Heart Failure Management

Heart Failure Management

If you have been diagnosed with heart failure, your heart muscle isn’t pumping effectively, and blood isn’t circulating properly. When fluids back up into your lungs, it is called congestive heart failure. We can help you manage your condition and improve your quality of life.

Heart Failure Medications

Almost every heart failure treatment plan includes medications. We've listed the most common heart failure medications below:

ACE inhibitors (angiotensin converting enzyme inhibitors), ARBs (angiotensin II receptor antagonists) and Beta Blockers: These medications relieve stress on the heart’s pumping action. They improve symptoms and reduce hospitalizations for patients with heart failure.
Diuretics: These medications rid your body of excess fluid.
Blood Thinners: These medications can reduce the risk of strokes and heart attacks.
Digitalis: This medication helps decrease heart failure symptoms.

Heart Procedures

Some patients with heart failure benefit from different heart procedures, including the following:

Angioplasty, Stent Placement, or Coronary Artery Bypass Surgery: These procedures either open or "bypass" blocked arteries and improve blood flow to your heart muscle.
Heart Valve Repair or Replacement: Patients with heart failure may have damage to their heart valves. Surgical repair or replacement may be needed to improve the heart’s pumping function.
Biventricular Pacemaker or Implantable Cardiac Defibrillator (ICD): These are small electronic devices that are implanted below your collarbone. They help time the electrical signals in your heart so your heart beats more effectively. This therapy is also called biventricular pacing or cardiac resynchronization therapy (CRT).

Bradycardia

Bradycardia is when your heart beats too slowly, generally less than 60 beats per minute. It becomes serious when your heart beats so slowly that it can’t pump enough blood to meet your body’s needs.
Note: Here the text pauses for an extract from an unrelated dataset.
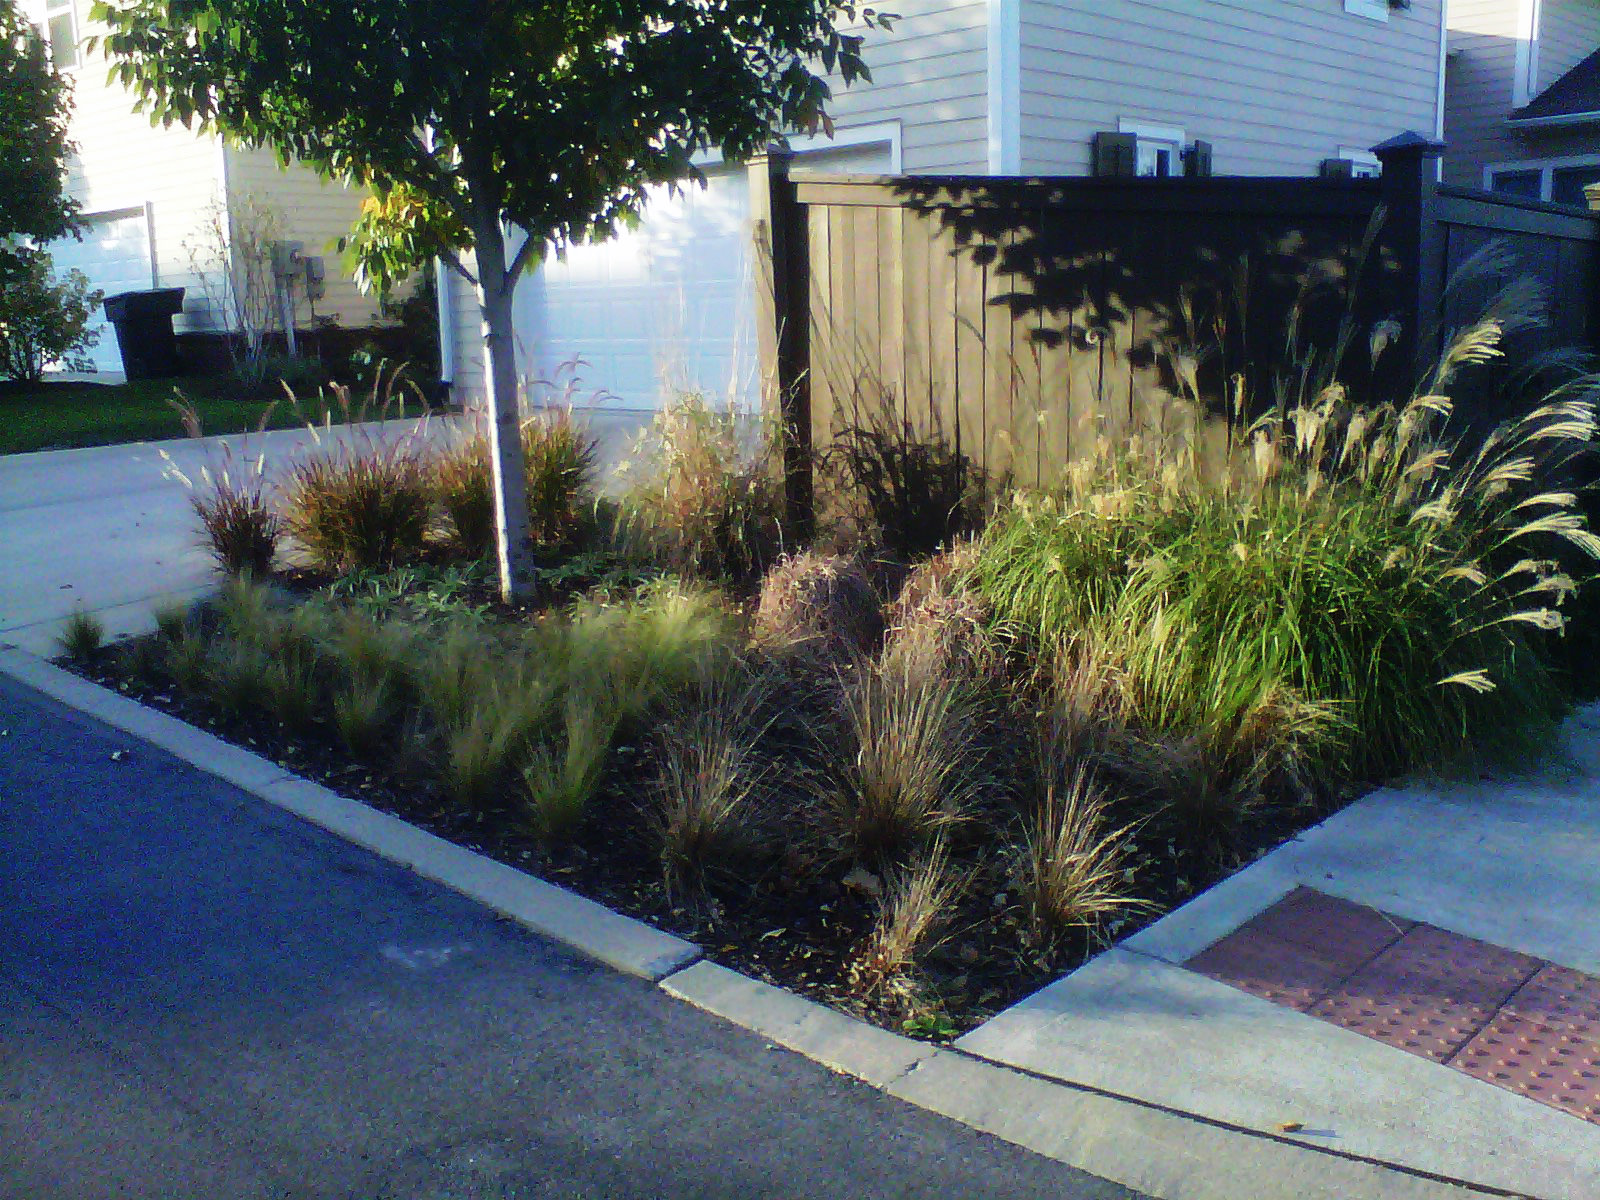 Justin Stelter Landscape Gardening - Modern Suburban Landscaping - 12591616935_b4d9ce9ba3_o.jpg

Managing Other Medical Conditions

An important part of treating heart failure is carefully managing other medical conditions that can make your heart failure worse. These include high blood pressure, high cholesterol, and diabetes. If you take medications to treat these conditions, take them faithfully.

Heart Transplant and Ventricular Assist Devices

Heart transplantation and ventricular assist devices are therapies for advanced heart failure. Advanced heart failure means you have tried the treatments listed above, but your heart failure keeps getting worse.